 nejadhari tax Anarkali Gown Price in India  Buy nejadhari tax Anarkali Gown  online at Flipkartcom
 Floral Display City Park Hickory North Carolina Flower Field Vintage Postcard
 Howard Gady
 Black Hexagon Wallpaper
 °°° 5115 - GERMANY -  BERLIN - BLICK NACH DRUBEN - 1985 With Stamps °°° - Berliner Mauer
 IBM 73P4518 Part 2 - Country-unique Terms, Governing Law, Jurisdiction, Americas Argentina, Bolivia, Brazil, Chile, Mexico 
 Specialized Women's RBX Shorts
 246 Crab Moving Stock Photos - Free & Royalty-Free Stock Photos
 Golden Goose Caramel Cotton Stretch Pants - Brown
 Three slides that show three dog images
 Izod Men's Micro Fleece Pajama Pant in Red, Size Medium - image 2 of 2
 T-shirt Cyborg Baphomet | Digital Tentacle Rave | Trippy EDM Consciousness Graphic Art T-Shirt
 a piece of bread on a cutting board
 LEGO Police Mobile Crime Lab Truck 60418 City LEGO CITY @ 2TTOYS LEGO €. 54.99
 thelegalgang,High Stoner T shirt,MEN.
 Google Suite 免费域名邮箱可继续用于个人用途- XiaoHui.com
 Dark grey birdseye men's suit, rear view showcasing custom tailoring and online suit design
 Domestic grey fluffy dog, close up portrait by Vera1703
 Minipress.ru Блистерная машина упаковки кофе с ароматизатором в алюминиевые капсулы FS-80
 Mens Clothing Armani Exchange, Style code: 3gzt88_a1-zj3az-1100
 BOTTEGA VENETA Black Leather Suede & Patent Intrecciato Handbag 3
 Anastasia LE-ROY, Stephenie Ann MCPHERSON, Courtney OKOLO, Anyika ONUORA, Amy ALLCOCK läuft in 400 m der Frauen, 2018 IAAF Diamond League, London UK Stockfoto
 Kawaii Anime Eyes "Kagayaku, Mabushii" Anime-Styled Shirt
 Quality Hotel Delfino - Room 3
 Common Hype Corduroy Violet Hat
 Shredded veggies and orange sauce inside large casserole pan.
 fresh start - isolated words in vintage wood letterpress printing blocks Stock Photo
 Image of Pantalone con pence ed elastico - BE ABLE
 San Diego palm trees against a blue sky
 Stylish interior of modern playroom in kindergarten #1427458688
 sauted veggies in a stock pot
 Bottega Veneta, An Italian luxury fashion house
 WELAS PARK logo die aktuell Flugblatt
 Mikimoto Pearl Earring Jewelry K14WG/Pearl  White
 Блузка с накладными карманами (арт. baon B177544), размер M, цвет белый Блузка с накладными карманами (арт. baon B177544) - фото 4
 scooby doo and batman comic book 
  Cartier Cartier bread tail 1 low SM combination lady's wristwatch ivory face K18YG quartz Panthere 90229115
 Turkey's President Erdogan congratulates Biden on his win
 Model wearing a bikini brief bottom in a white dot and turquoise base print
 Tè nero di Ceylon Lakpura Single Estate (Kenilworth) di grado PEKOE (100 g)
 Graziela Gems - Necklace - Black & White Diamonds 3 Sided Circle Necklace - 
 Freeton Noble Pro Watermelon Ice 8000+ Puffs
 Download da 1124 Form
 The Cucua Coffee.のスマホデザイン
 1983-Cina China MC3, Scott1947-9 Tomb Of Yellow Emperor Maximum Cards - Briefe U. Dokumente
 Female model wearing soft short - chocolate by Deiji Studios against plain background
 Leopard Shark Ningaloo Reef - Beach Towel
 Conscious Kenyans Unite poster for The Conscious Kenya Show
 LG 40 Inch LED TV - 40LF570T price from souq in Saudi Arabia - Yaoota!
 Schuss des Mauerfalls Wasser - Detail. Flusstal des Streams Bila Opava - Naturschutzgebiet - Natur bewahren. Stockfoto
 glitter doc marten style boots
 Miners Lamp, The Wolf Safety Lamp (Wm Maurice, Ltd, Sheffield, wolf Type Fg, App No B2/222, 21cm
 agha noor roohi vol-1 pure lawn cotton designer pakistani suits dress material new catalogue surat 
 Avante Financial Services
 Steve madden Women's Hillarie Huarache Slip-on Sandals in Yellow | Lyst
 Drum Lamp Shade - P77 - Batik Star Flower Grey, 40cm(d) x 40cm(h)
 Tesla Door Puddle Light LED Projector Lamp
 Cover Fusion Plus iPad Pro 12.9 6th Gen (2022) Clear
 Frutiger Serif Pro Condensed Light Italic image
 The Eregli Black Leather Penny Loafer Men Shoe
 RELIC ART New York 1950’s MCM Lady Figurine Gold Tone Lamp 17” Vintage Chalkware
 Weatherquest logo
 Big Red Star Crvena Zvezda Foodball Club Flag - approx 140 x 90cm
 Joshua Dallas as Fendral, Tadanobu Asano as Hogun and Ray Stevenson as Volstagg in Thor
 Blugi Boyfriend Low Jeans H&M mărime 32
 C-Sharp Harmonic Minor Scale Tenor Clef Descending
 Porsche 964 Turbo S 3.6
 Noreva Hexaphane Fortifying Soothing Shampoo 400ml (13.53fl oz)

------------------------------------------------

Could you reproduce, exactly, every line above from the line with "WELAS PARK logo die aktuell Flugblatt" to the line with "Miners Lamp, The", and no other line? Both ends count.

### TASK ANSWER:
 WELAS PARK logo die aktuell Flugblatt
 Mikimoto Pearl Earring Jewelry K14WG/Pearl  White
 Блузка с накладными карманами (арт. baon B177544), размер M, цвет белый Блузка с накладными карманами (арт. baon B177544) - фото 4
 scooby doo and batman comic book 
  Cartier Cartier bread tail 1 low SM combination lady's wristwatch ivory face K18YG quartz Panthere 90229115
 Turkey's President Erdogan congratulates Biden on his win
 Model wearing a bikini brief bottom in a white dot and turquoise base print
 Tè nero di Ceylon Lakpura Single Estate (Kenilworth) di grado PEKOE (100 g)
 Graziela Gems - Necklace - Black & White Diamonds 3 Sided Circle Necklace - 
 Freeton Noble Pro Watermelon Ice 8000+ Puffs
 Download da 1124 Form
 The Cucua Coffee.のスマホデザイン
 1983-Cina China MC3, Scott1947-9 Tomb Of Yellow Emperor Maximum Cards - Briefe U. Dokumente
 Female model wearing soft short - chocolate by Deiji Studios against plain background
 Leopard Shark Ningaloo Reef - Beach Towel
 Conscious Kenyans Unite poster for The Conscious Kenya Show
 LG 40 Inch LED TV - 40LF570T price from souq in Saudi Arabia - Yaoota!
 Schuss des Mauerfalls Wasser - Detail. Flusstal des Streams Bila Opava - Naturschutzgebiet - Natur bewahren. Stockfoto
 glitter doc marten style boots
 Miners Lamp, The Wolf Safety Lamp (Wm Maurice, Ltd, Sheffield, wolf Type Fg, App No B2/222, 21cm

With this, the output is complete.